Programmatic creation
For automation workflows, you can create synced tables programmatically using the Databricks SDK, CLI, or REST API.
- Python SDK
- CLI
- REST API
from databricks.sdk import WorkspaceClient
from databricks.sdk.service.database import (
    SyncedDatabaseTable,
    SyncedTableSpec,
    NewPipelineSpec,
    SyncedTableSchedulingPolicy
)
# Initialize the Workspace client
w = WorkspaceClient()
# Create a synced table
synced_table = w.database.create_synced_database_table(
    SyncedDatabaseTable(
        name="lakebase_catalog.schema.synced_table",  # Full three-part name
        spec=SyncedTableSpec(
            source_table_full_name="analytics.gold.user_profiles",
            primary_key_columns=["user_id"],  # Primary key columns
            scheduling_policy=SyncedTableSchedulingPolicy.TRIGGERED,  # SNAPSHOT, TRIGGERED, or CONTINUOUS
            new_pipeline_spec=NewPipelineSpec(
                storage_catalog="lakebase_catalog",
                storage_schema="staging"
            )
        ),
    )
)
print(f"Created synced table: {synced_table.name}")
# Check the status of a synced table
status = w.database.get_synced_database_table(name=synced_table.name)
print(f"Synced table status: {status.data_synchronization_status.detailed_state}")
print(f"Status message: {status.data_synchronization_status.message}")
# Create a synced table
databricks database create-synced-database-table \
  --json '{
    "name": "lakebase_catalog.schema.synced_table",
    "spec": {
      "source_table_full_name": "analytics.gold.user_profiles",
      "primary_key_columns": ["user_id"],
      "scheduling_policy": "TRIGGERED",
      "new_pipeline_spec": {
        "storage_catalog": "lakebase_catalog",
        "storage_schema": "staging"
      }
    }
  }'
# Check the status of a synced table
databricks database get-synced-database-table "lakebase_catalog.schema.synced_table"

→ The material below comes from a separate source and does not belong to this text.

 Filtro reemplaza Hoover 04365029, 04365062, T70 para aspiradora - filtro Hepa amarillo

export WORKSPACE_URL="https://your-workspace.cloud.databricks.com"
export DATABRICKS_TOKEN="your-token"
# Create a synced table
curl -X POST "$WORKSPACE_URL/api/2.0/database/synced_tables" \
  -H "Content-Type: application/json" \
  -H "Authorization: Bearer $DATABRICKS_TOKEN" \
  --data '{
    "name": "lakebase_catalog.schema.synced_table",
    "spec": {
      "source_table_full_name": "analytics.gold.user_profiles",
      "primary_key_columns": ["user_id"],
      "scheduling_policy": "TRIGGERED",
      "new_pipeline_spec": {
        "storage_catalog": "lakebase_catalog",
        "storage_schema": "staging"
      }
    }
  }'
# Check the status
curl -X GET "$WORKSPACE_URL/api/2.0/database/synced_tables/lakebase_catalog.schema.synced_table" \
  -H "Authorization: Bearer $DATABRICKS_TOKEN"
Capacity planning
When planning your reverse ETL implementation, consider these resource requirements:
- Connection usage: Each synced table uses up to 16 connections to your Lakebase database, which count toward the instance's connection limit.

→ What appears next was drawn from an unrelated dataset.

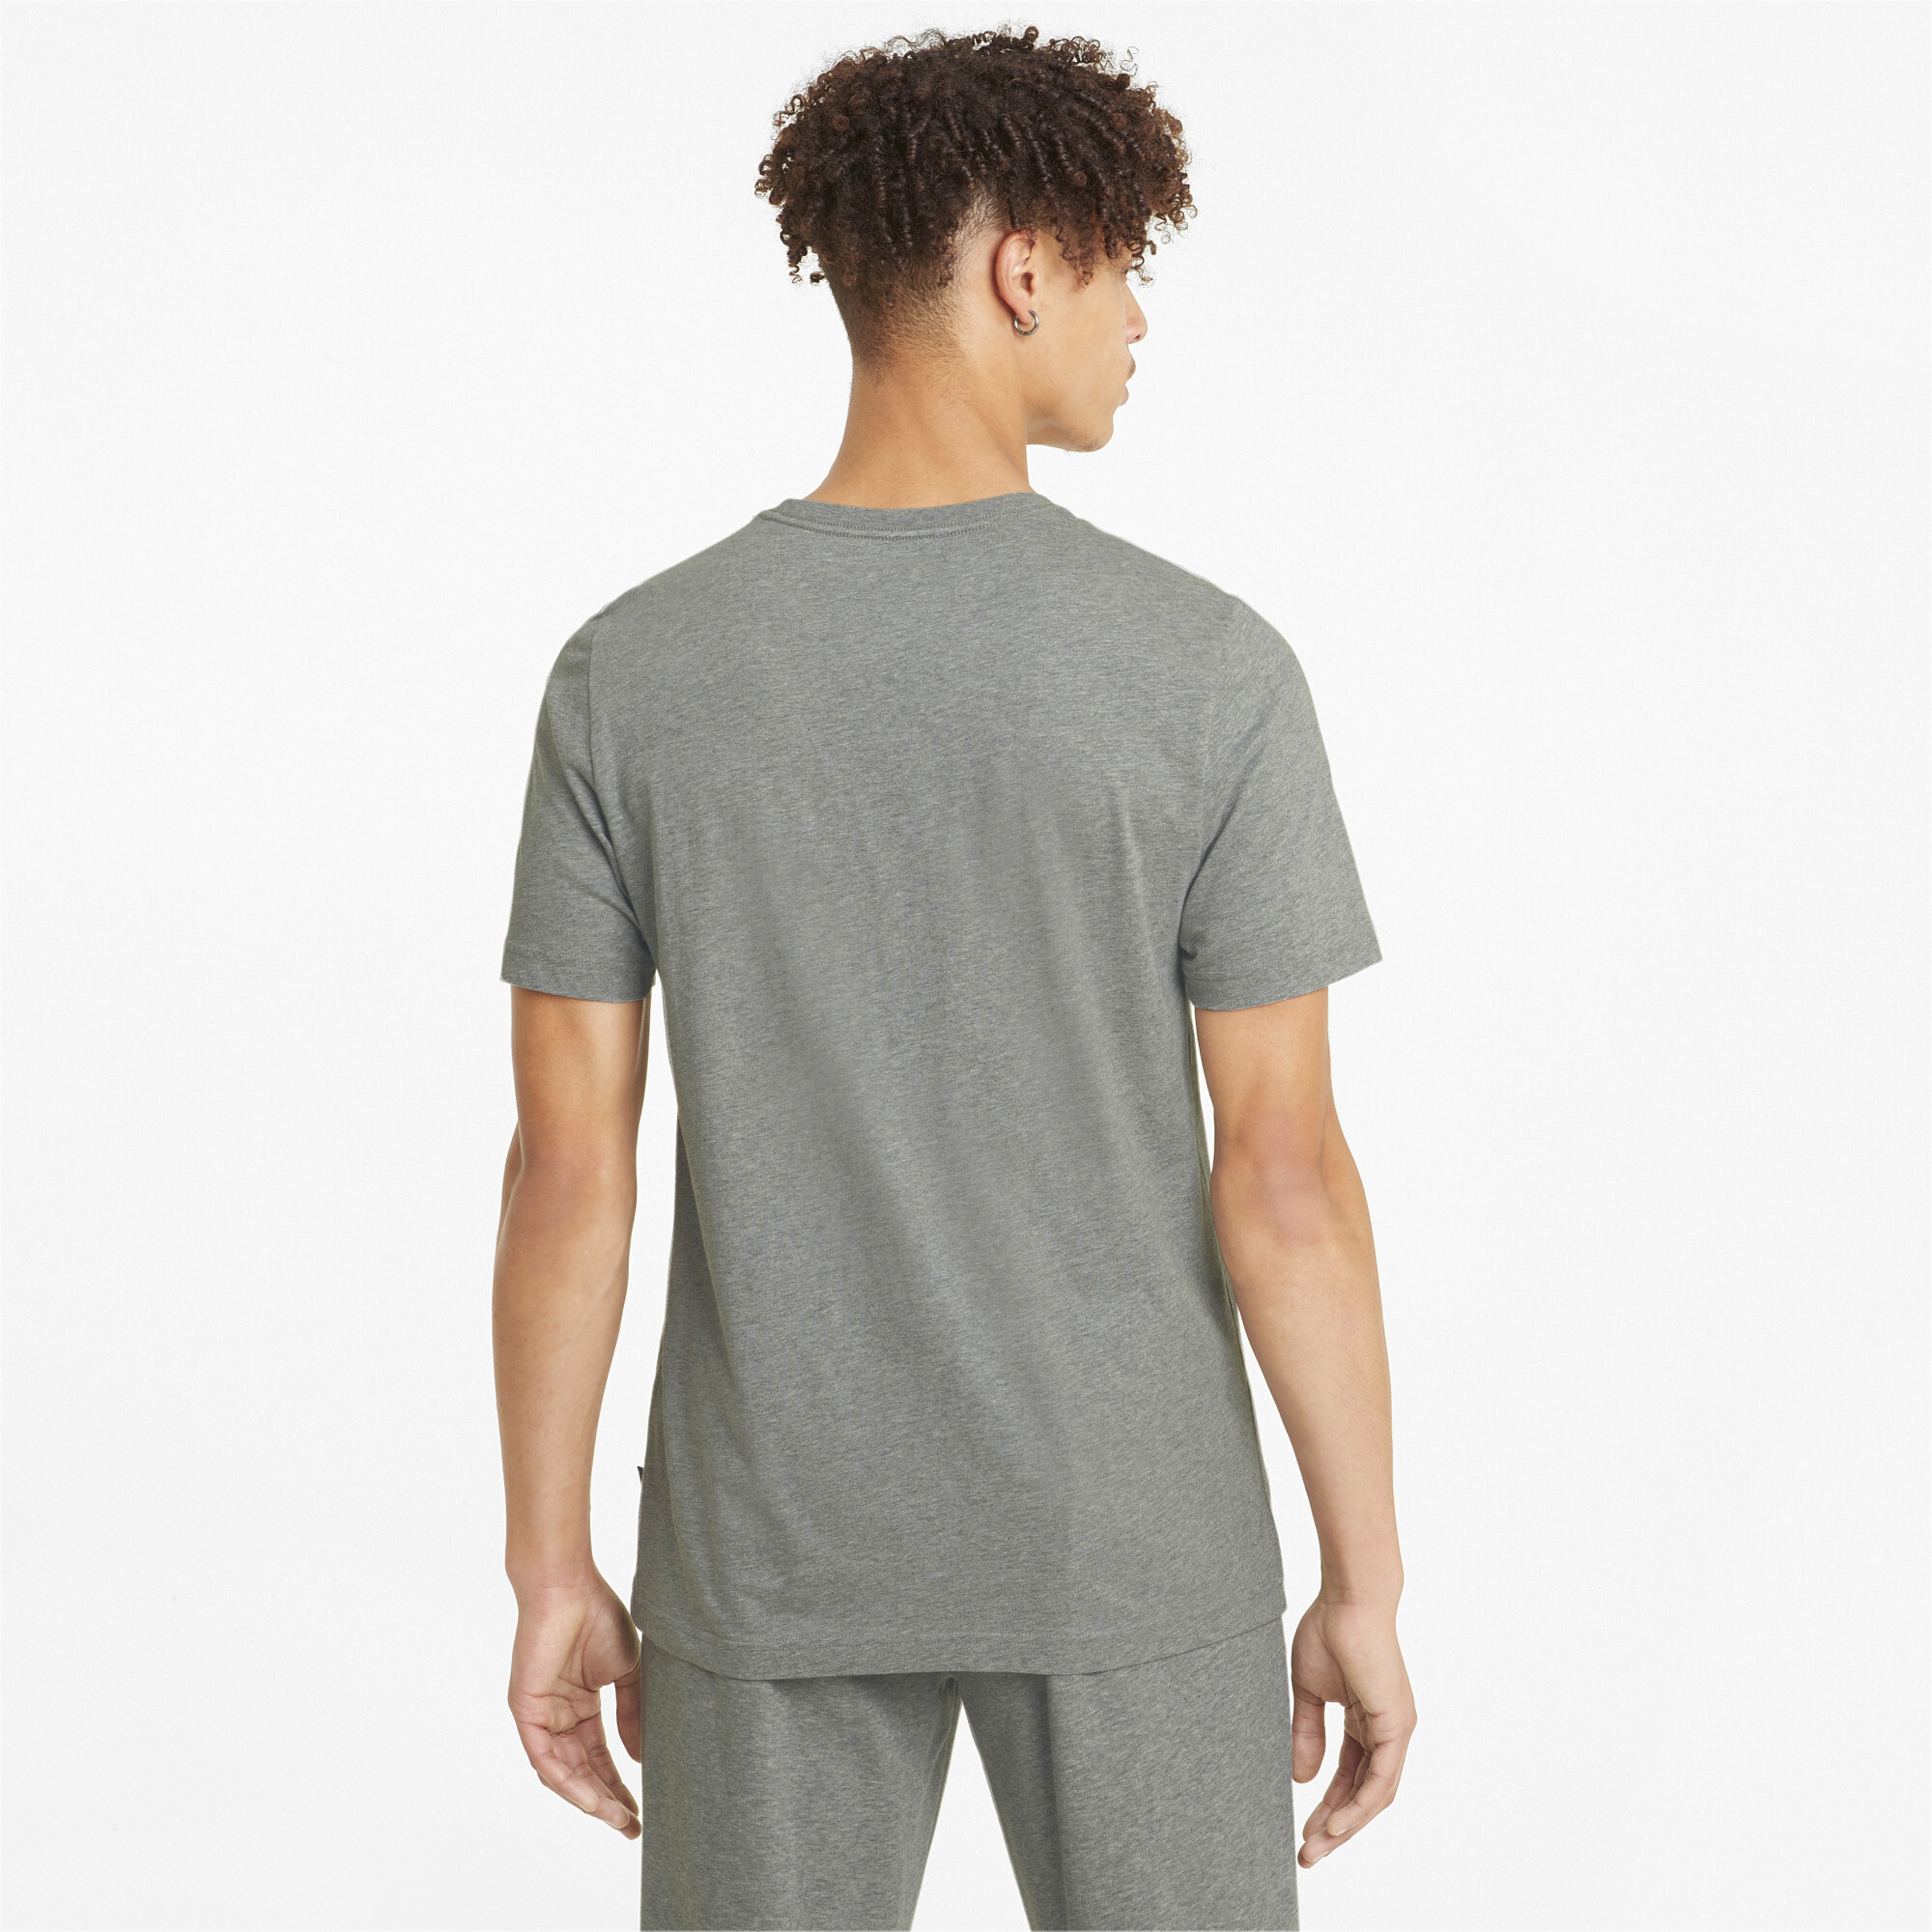 Men's Puma Essentials Small Logo T-Shirt, Gray, Size 3XL, Clothing

- Size limits: Total logical data size limit across all synced tables is 2 TB. Individual tables don't have limits, but Databricks recommends not exceeding 1 TB for tables requiring refreshes.

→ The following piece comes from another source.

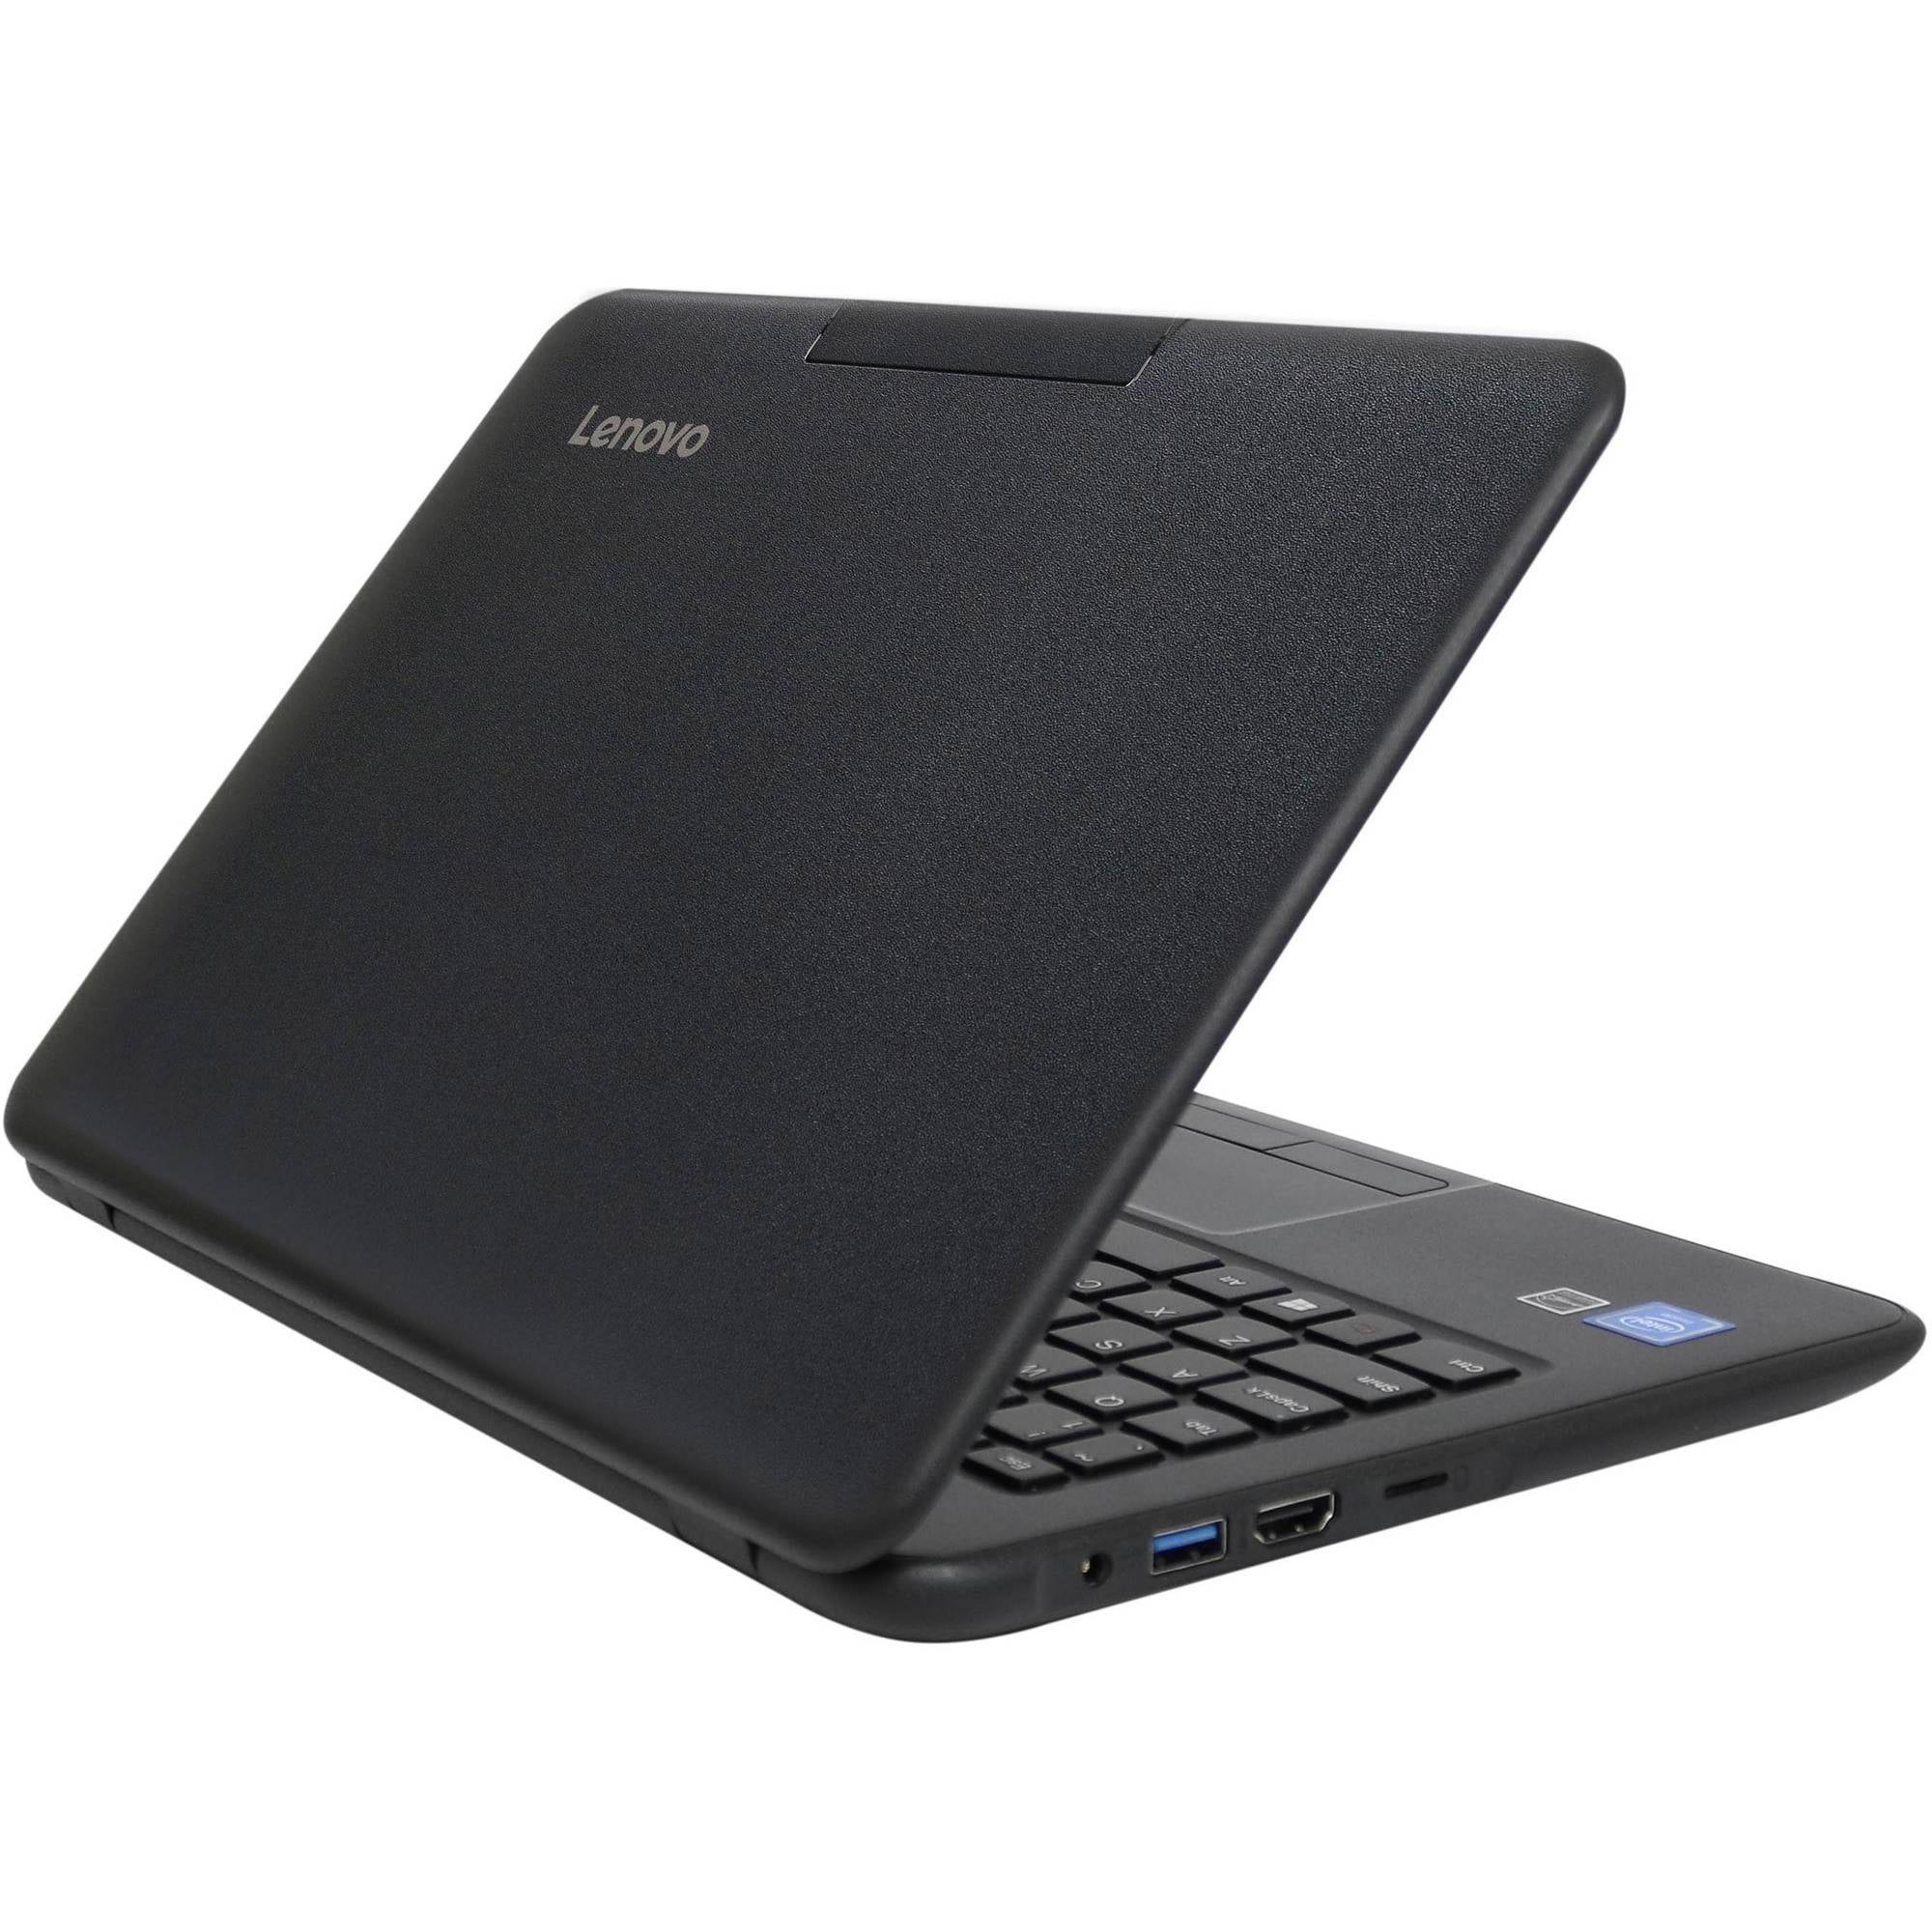 Lenovo ThinkPad N22 11.6

- Naming requirements: Database, schema, and table names may only contain alphanumeric characters and underscores ([A-Za-z0-9_]+).
- Schema evolution: Only additive schema changes (like adding columns) are supported for Triggered and Continuous modes.
Delete a synced table
To delete a synced table, you must remove it from both Unity Catalog and Postgres:
- 
Delete from Unity Catalog: In Catalog, find your synced table, click the menu, and select Delete. This stops data refreshes but leaves the table in Postgres. 
- 
Drop from Postgres: Connect to your Lakebase database and drop the table to free up space: SQLDROP TABLE your_database.your_schema.your_table;
You can use the SQL editor or external tools to connect to Postgres.
Learn more
| Task | Description | 
|---|---|
| Set up a Lakebase database project | |
| Learn connection options for Lakebase | |
| Make your Lakebase data visible in Unity Catalog for unified governance and cross-source queries | |
| Understand governance and permissions | 
Other options
For syncing data into non-Databricks systems, see Partner Connect reverse ETL solutions such as Census or Hightouch.